Data extract:

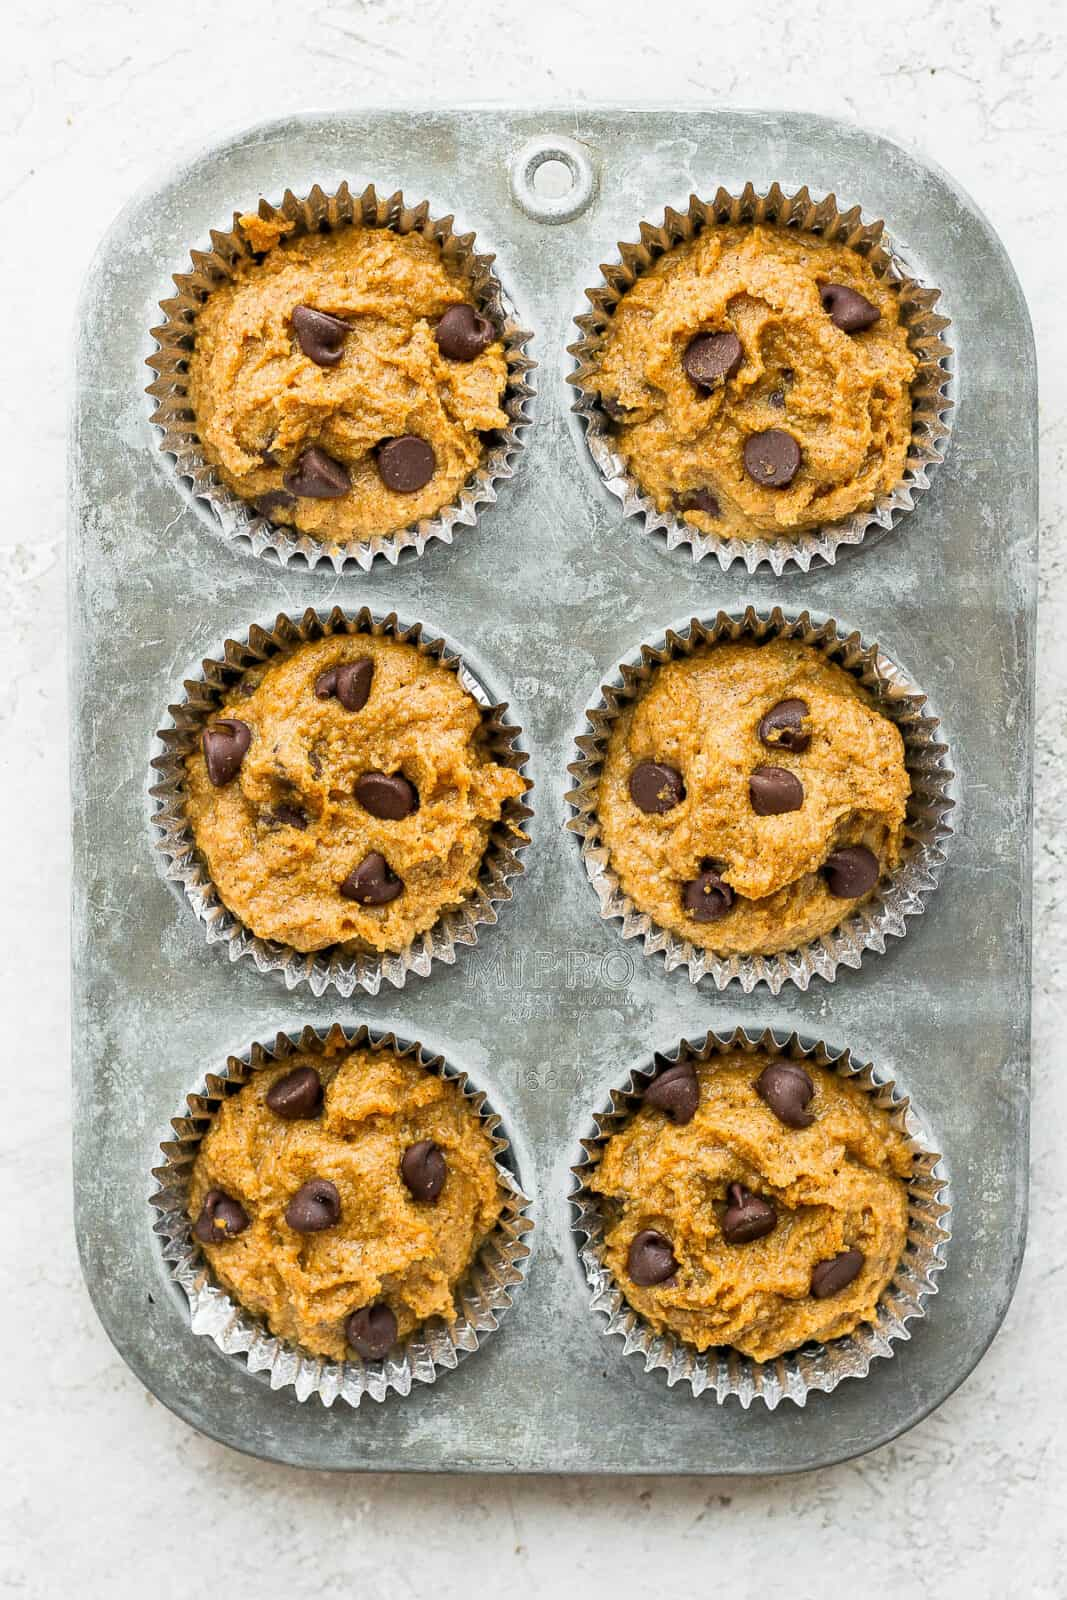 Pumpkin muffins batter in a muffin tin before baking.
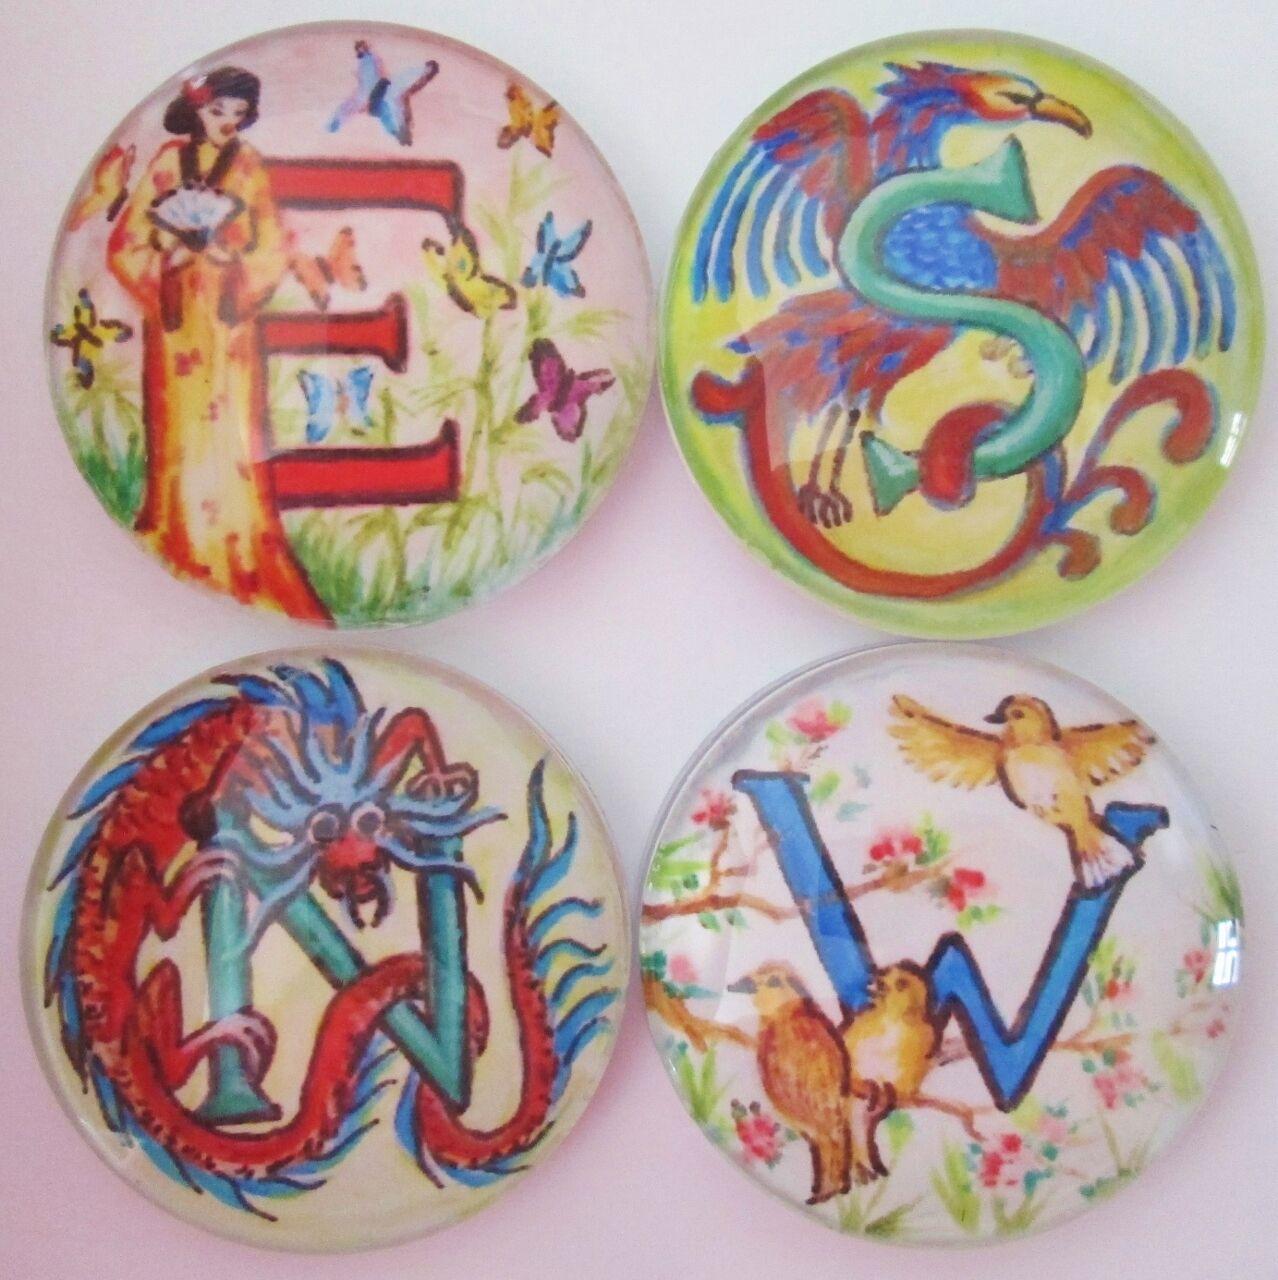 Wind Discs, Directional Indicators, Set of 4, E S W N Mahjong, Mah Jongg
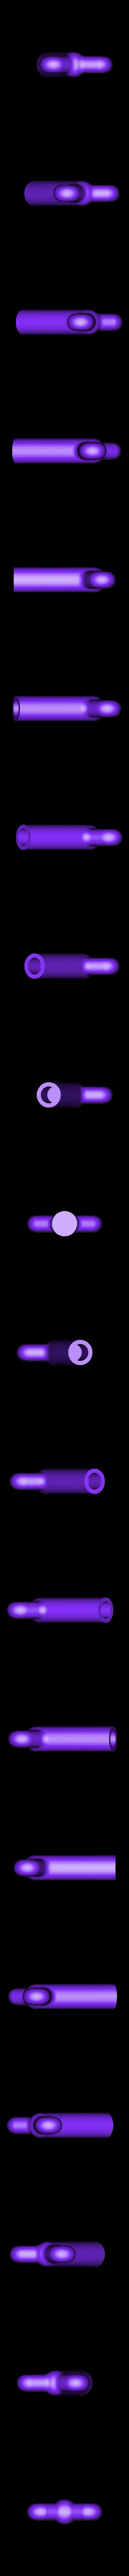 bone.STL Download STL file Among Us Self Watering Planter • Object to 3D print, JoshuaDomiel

Task directions:
Please write out all of the material above without changing a word, and omit any pictures.

Completed exercise:
 Pumpkin muffins batter in a muffin tin before baking.
 Wind Discs, Directional Indicators, Set of 4, E S W N Mahjong, Mah Jongg
 bone.STL Download STL file Among Us Self Watering Planter • Object to 3D print, JoshuaDomiel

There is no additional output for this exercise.